## YOUR INSTRUCTIONS
Please return the data that follows precisely as written, but without the images.

## SOURCE MATERIAL
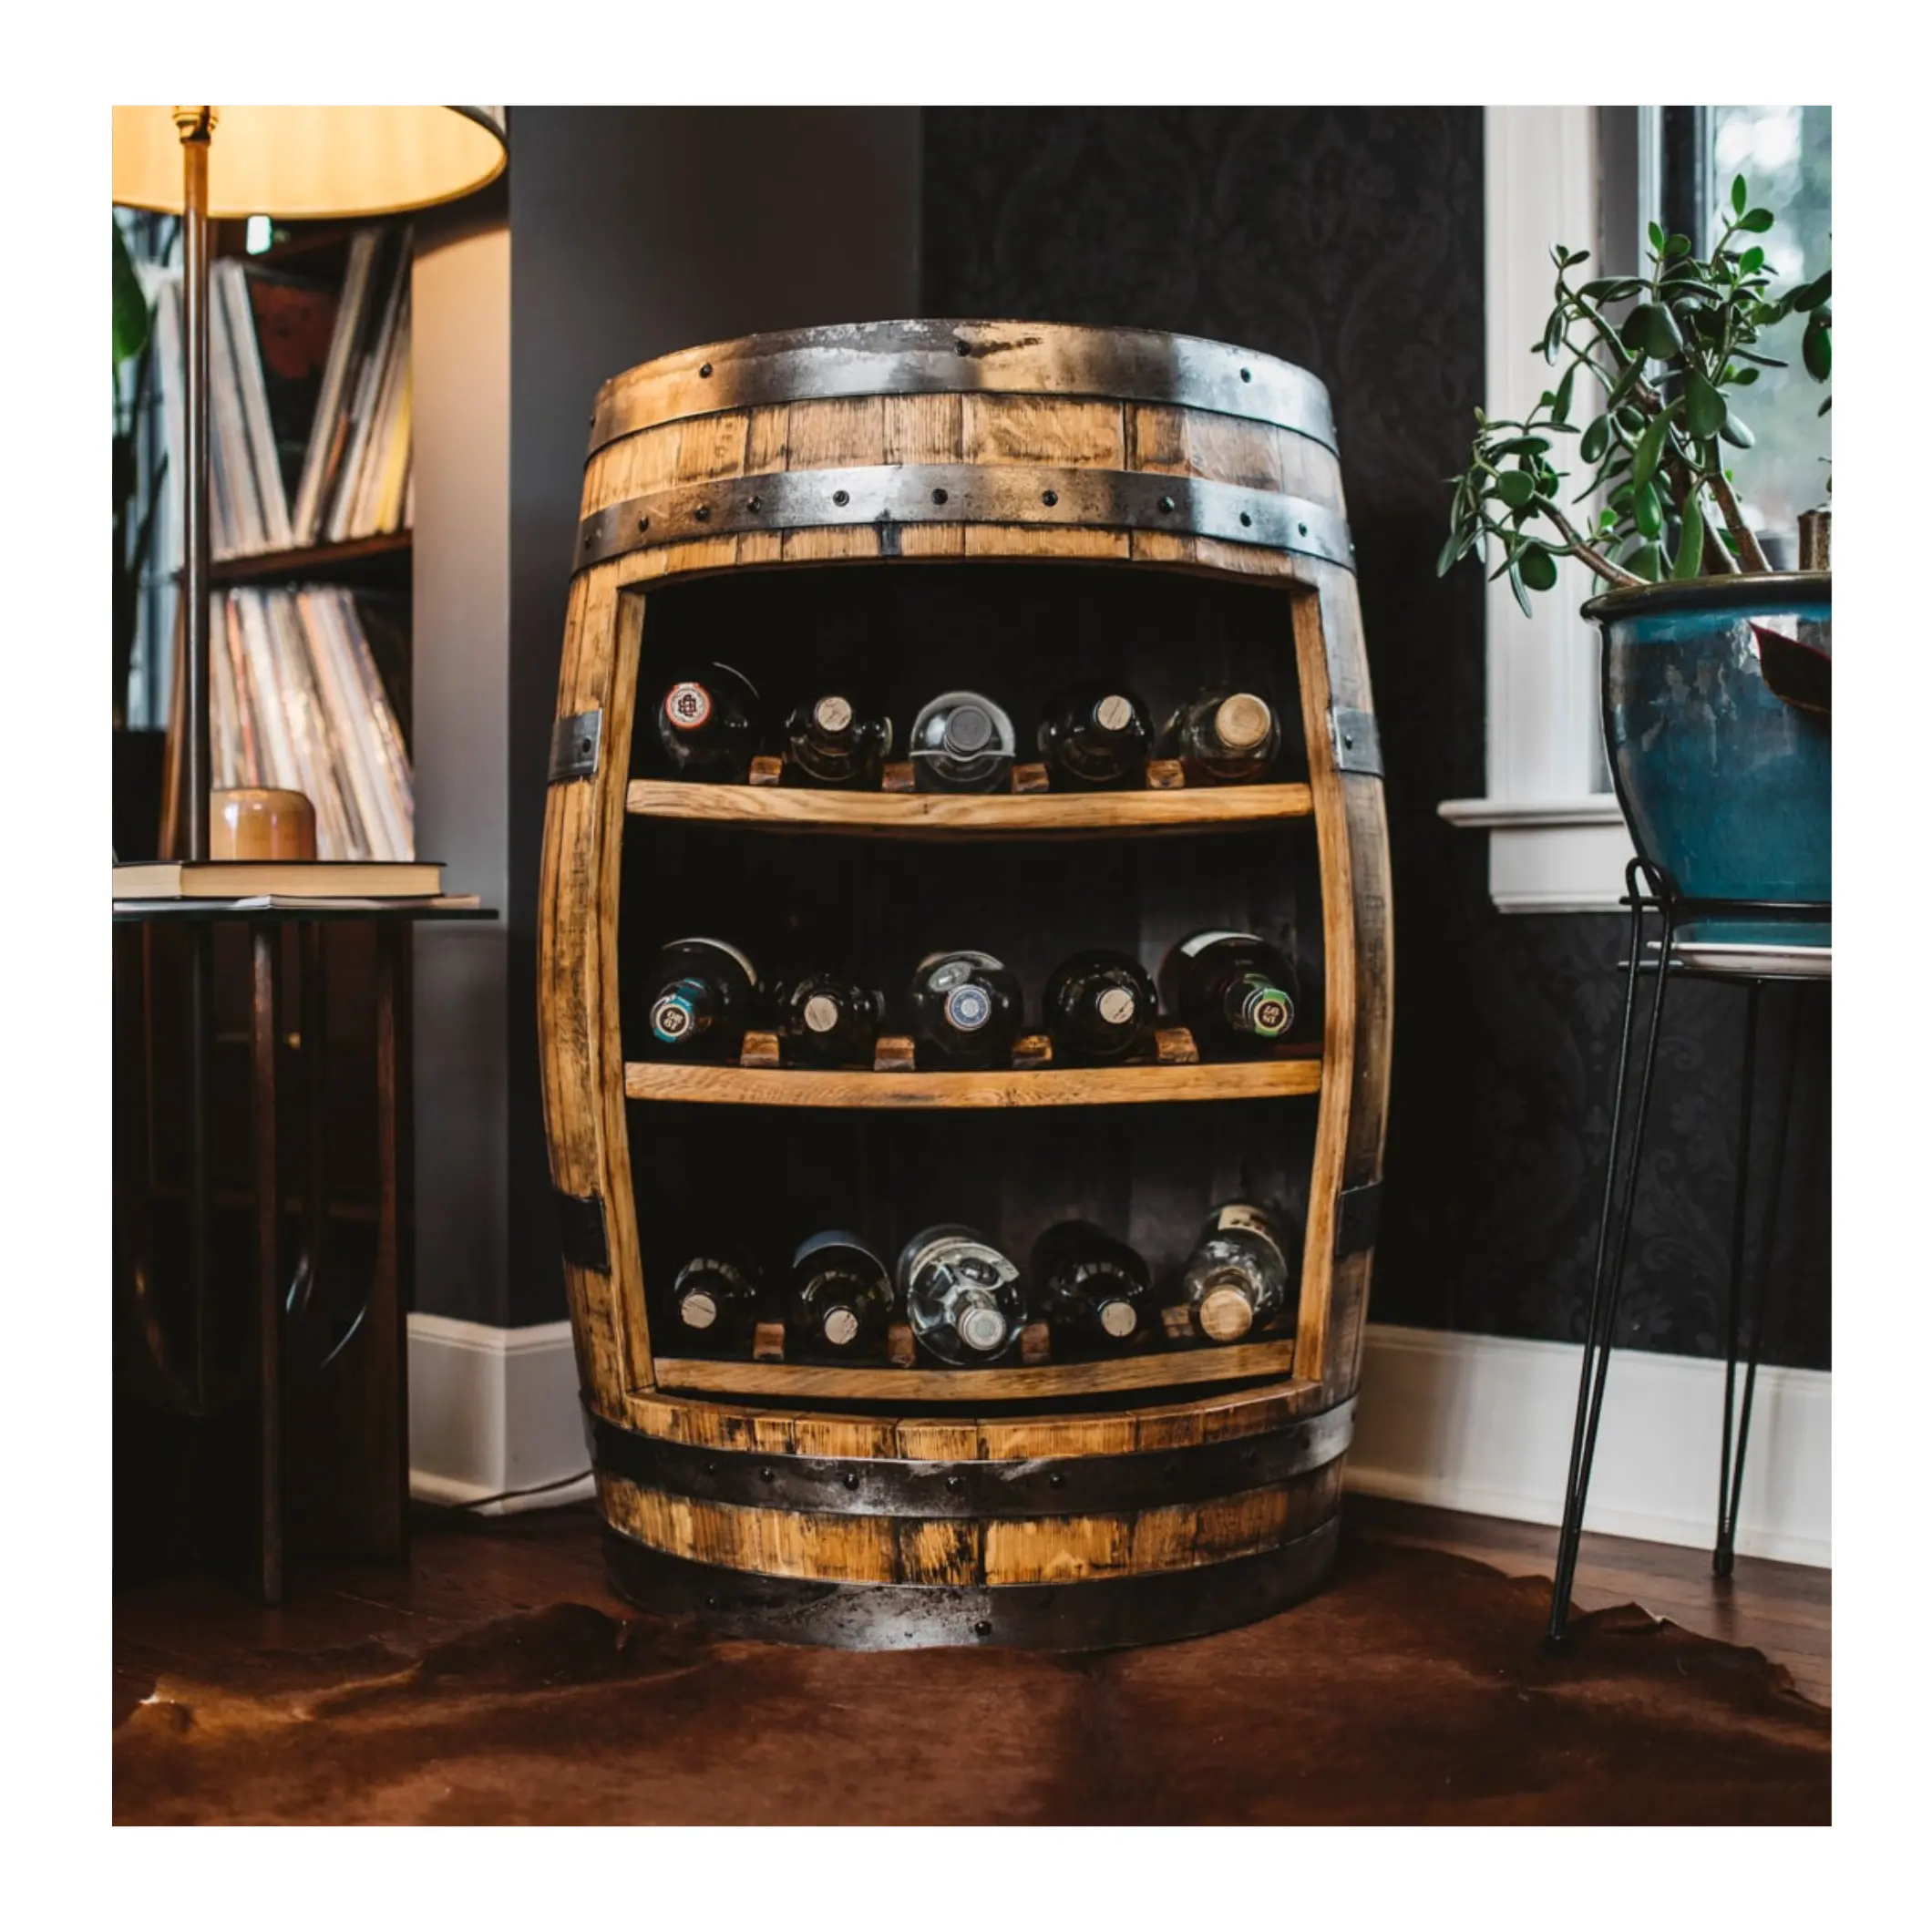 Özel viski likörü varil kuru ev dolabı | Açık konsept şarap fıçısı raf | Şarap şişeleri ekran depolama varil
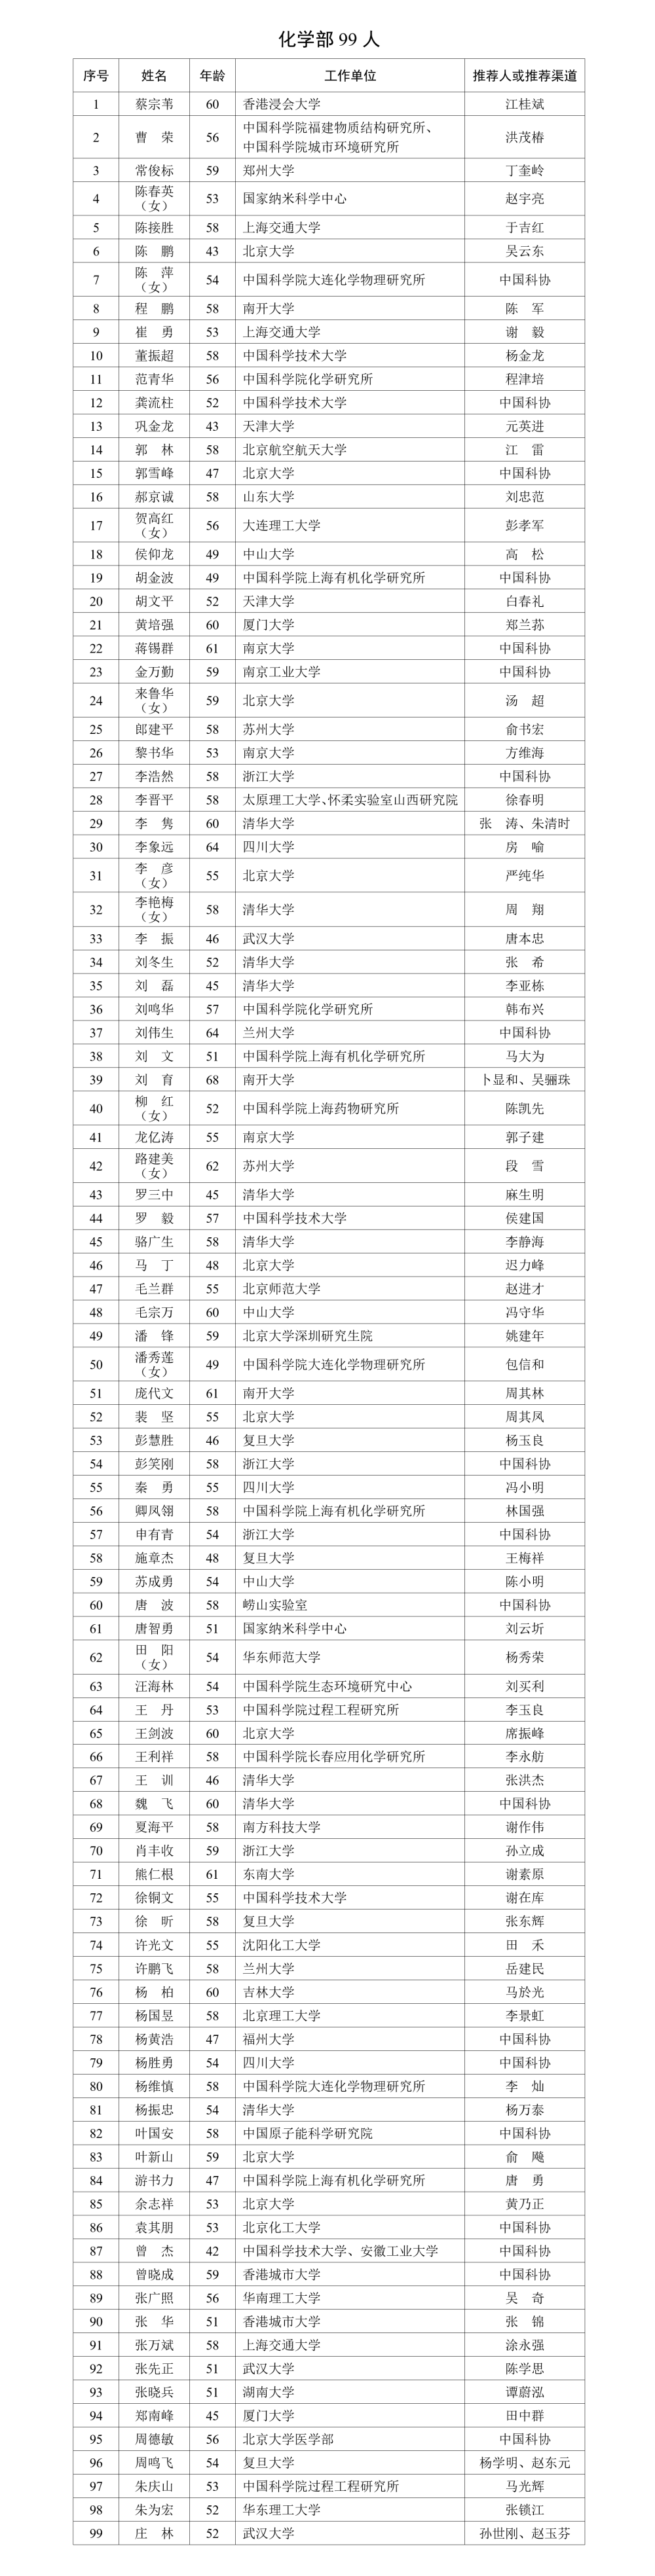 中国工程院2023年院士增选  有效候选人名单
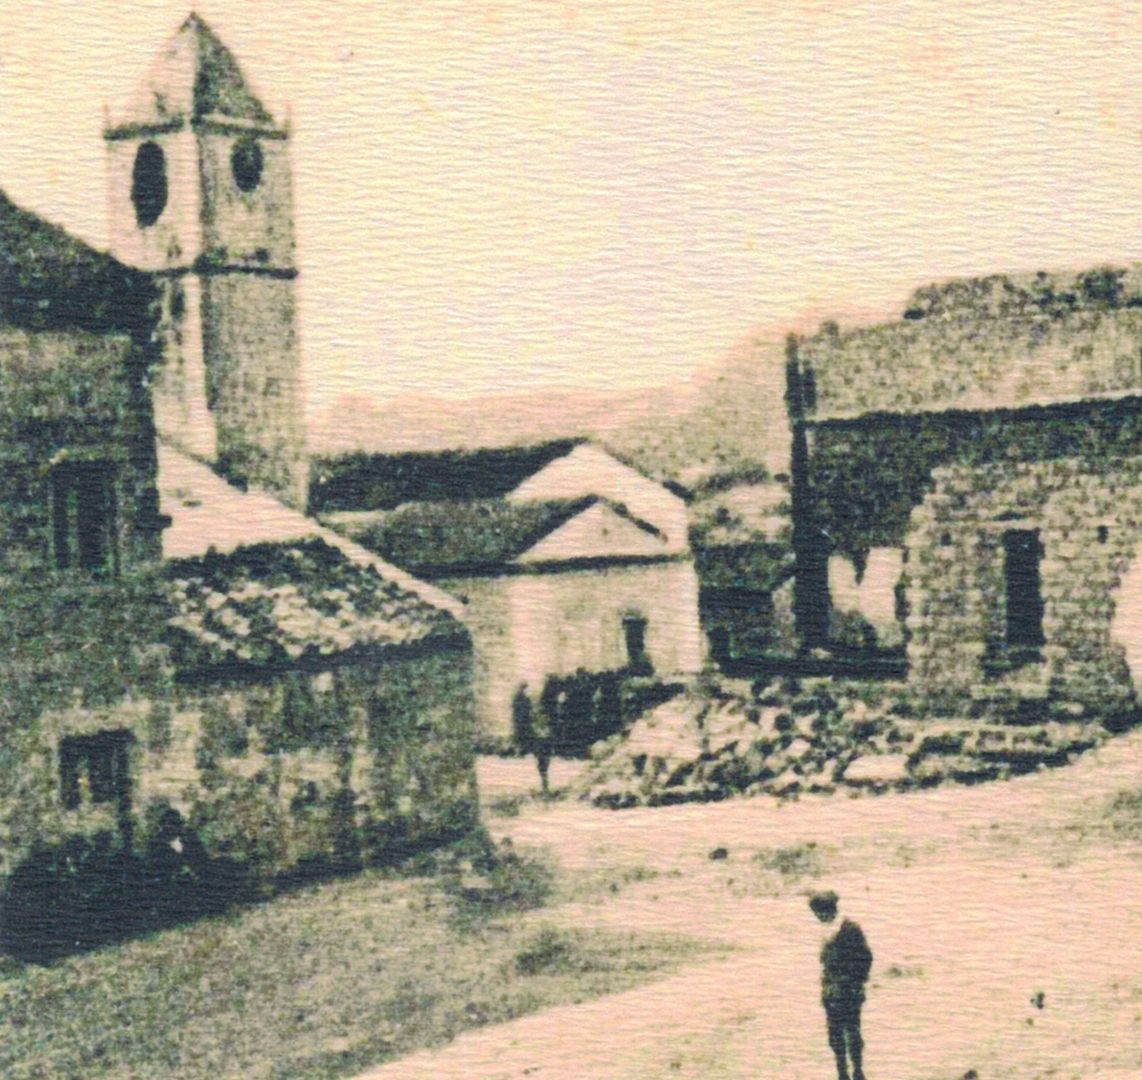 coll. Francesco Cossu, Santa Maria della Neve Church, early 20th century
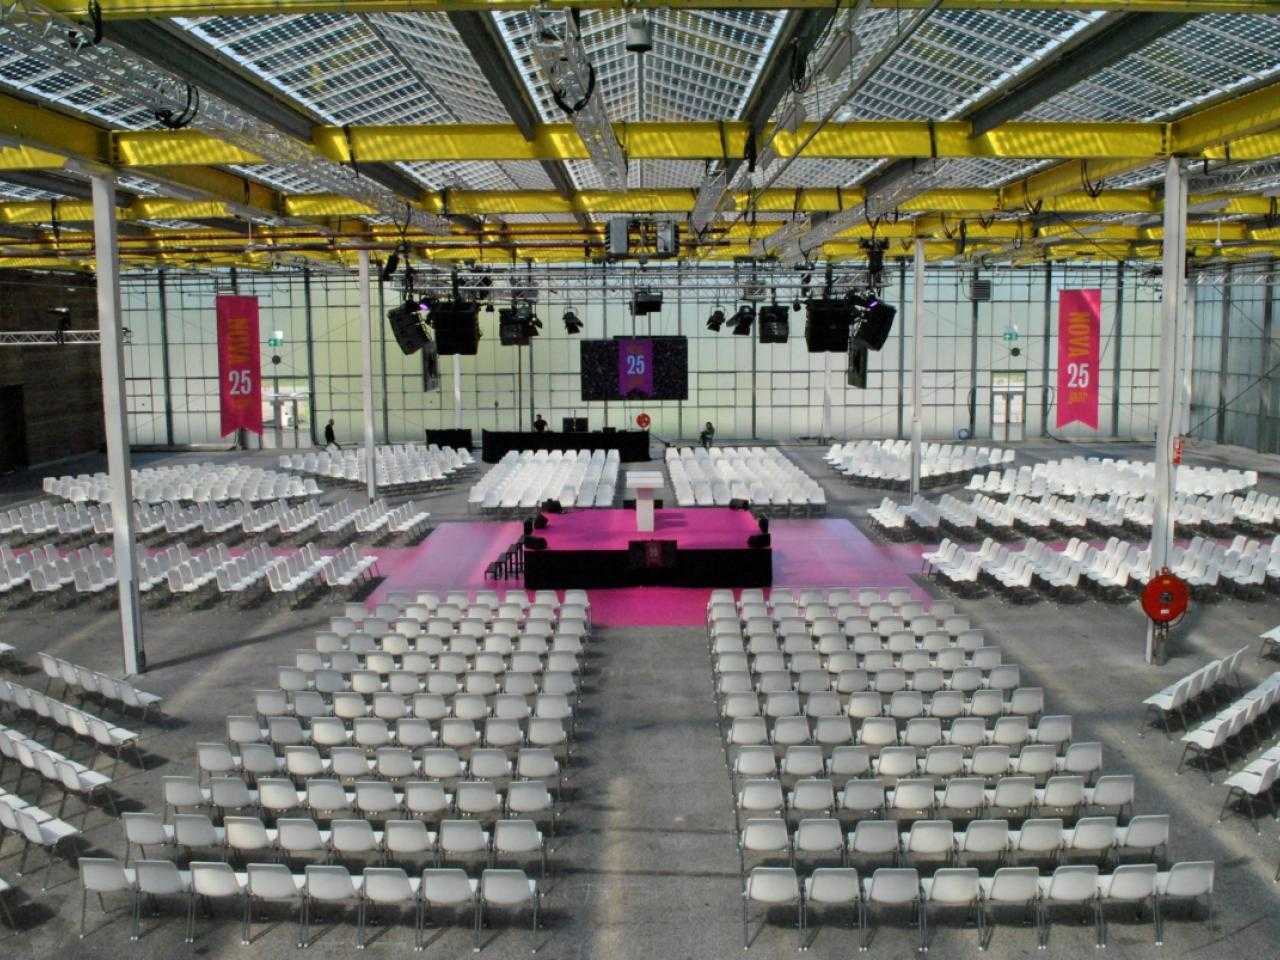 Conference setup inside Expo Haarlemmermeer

## FINAL ANSWER
 Özel viski likörü varil kuru ev dolabı | Açık konsept şarap fıçısı raf | Şarap şişeleri ekran depolama varil
 中国工程院2023年院士增选  有效候选人名单
 coll. Francesco Cossu, Santa Maria della Neve Church, early 20th century
 Conference setup inside Expo Haarlemmermeer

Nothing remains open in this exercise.